SL : Comment sélectionnez vous les communes où vous vous implantez ?
CP : Nous avons des critères précis : la présence d’un réseau médical est essentielle. Pour les accueillants familiaux, il est indispensable de pouvoir s’appuyer rapidement sur un cabinet infirmier, un médecin généraliste, un kinésithérapeute… Cela conditionne l’accès aux soins pour les personnes accueillies.
SL : D’autres projets sont-ils prévus en Auvergne, avec une attention particulière au monde rural ?
CP : Oui, nous avons une vraie volonté de développement national, et la ruralité est au cœur de notre mission. Nous voulons permettre aux personnes issues de villages ou de petites communes de rester sur leur territoire malgré la perte d’autonomie, sans être déracinées ni coupées de leurs amis et de leurs repères.
SL : Quel est le coût pour s’installer dans une structure comme la vôtre ?
CP : Le coût couvre l’ensemble de la vie quotidienne : participation au loyer, budget alimentation et hygiène, charges d’eau et d’électricité, salaire de l’accueillant familial, et coordination médico-sociale assurée par MonSenior.

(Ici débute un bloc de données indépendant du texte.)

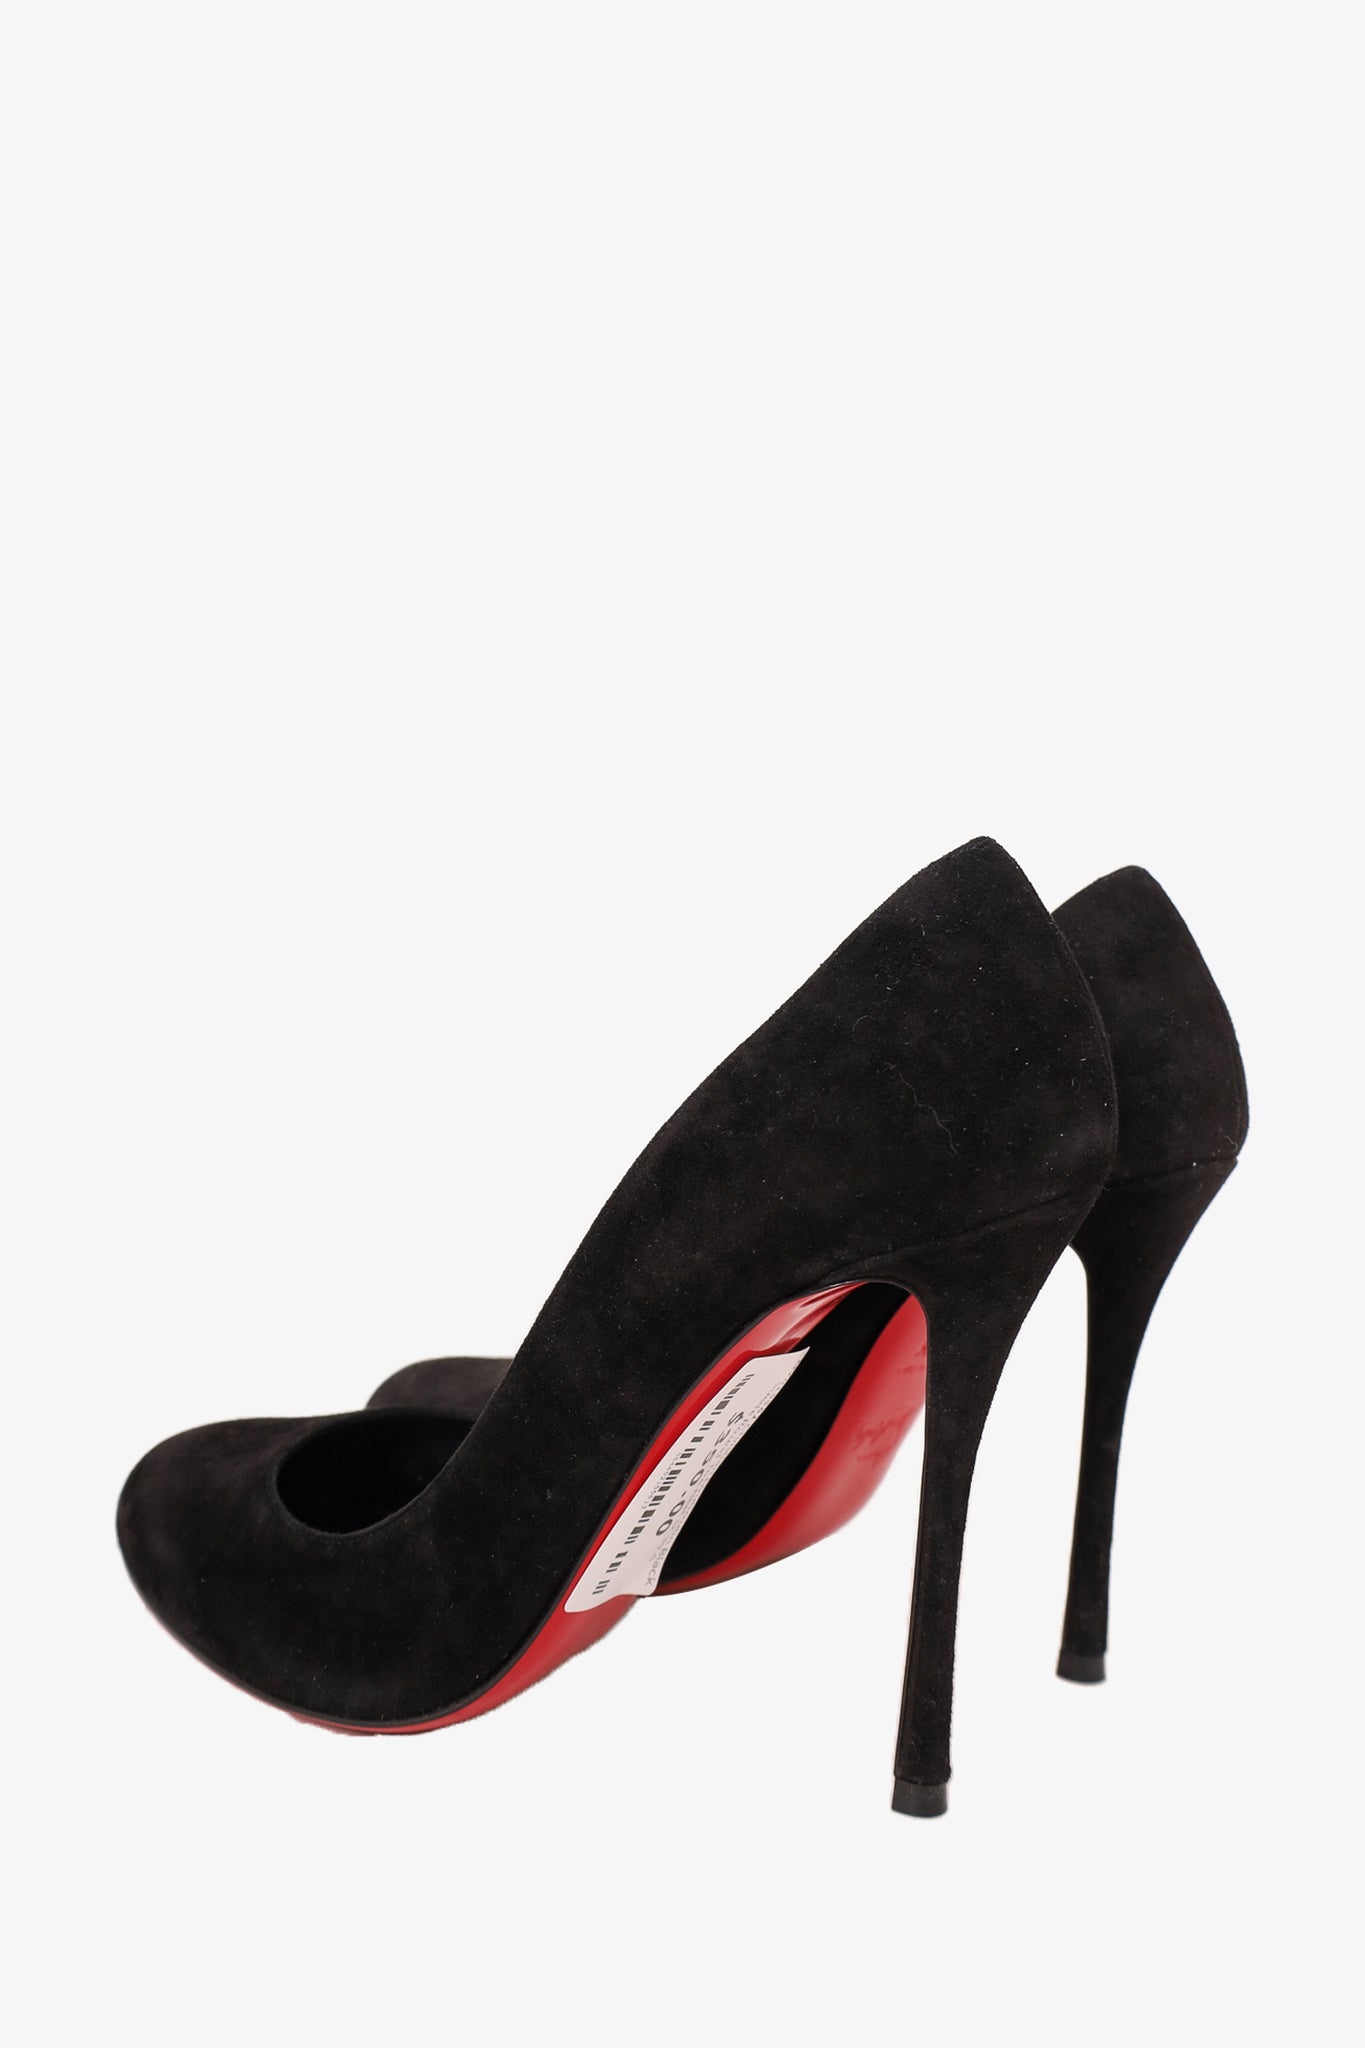 Gucci | Shoes | Authentic Gucci Black Suede Round Toe Stiletto Platform  Heels | Poshmark

Après déduction des aides légales, il faut compter environ 2200 € par mois par personne accueillie. Nous aidons bien sûr les familles à solliciter toutes les aides disponibles pour réduire le reste à charge. En moyenne, nous restons 20% moins chers que la plupart des EHPAD, tout en offrant un accompagnement très qualitatif dans un cadre familial à taille humaine.